PROBLEM DESCRIPTION -
For the data below, work out how many lines contain the word "Jeans" and supply only that number.

EXCERPTED DATA -
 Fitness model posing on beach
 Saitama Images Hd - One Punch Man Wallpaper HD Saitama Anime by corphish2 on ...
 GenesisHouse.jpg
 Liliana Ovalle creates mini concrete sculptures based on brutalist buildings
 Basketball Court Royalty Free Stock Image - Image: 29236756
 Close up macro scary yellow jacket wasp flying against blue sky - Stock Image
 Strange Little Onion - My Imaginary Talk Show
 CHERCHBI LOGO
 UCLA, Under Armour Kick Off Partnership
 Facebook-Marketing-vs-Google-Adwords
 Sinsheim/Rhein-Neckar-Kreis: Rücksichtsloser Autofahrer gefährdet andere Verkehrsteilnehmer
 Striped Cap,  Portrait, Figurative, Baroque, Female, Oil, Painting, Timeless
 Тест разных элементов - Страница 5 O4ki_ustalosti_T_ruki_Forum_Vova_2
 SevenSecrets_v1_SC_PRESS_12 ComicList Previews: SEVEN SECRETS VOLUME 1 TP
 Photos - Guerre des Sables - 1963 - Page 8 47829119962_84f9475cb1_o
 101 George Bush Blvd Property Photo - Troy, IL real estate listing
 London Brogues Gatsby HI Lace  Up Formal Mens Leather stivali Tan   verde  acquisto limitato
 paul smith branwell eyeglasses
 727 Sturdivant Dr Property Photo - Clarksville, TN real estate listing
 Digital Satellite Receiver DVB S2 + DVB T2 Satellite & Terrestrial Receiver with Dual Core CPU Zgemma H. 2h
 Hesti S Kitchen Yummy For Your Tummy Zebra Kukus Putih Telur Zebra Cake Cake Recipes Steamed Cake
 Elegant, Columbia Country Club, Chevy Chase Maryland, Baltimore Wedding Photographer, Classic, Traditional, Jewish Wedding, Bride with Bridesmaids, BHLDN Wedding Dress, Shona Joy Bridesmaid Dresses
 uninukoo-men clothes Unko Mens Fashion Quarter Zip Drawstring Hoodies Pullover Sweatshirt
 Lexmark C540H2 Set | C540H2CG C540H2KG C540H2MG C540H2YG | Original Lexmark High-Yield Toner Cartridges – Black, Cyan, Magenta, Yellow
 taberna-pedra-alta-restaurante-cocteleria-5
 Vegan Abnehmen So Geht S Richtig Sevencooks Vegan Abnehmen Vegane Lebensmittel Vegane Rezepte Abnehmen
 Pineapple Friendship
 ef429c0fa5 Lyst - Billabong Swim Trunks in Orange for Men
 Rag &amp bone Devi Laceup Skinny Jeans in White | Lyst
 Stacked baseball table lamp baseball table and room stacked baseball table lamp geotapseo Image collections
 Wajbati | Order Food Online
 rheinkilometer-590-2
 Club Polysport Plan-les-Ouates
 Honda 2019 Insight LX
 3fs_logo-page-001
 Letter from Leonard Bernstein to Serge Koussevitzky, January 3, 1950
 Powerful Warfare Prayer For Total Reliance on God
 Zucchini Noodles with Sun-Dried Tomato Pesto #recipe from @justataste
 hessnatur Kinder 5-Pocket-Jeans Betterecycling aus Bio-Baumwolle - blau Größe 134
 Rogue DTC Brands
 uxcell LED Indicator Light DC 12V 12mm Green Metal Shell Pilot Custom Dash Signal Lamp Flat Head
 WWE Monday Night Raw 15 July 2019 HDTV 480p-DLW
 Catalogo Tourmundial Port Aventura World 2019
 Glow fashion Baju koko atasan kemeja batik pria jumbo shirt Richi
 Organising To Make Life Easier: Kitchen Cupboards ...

SOLUTION FOR THIS PROBLEM -
2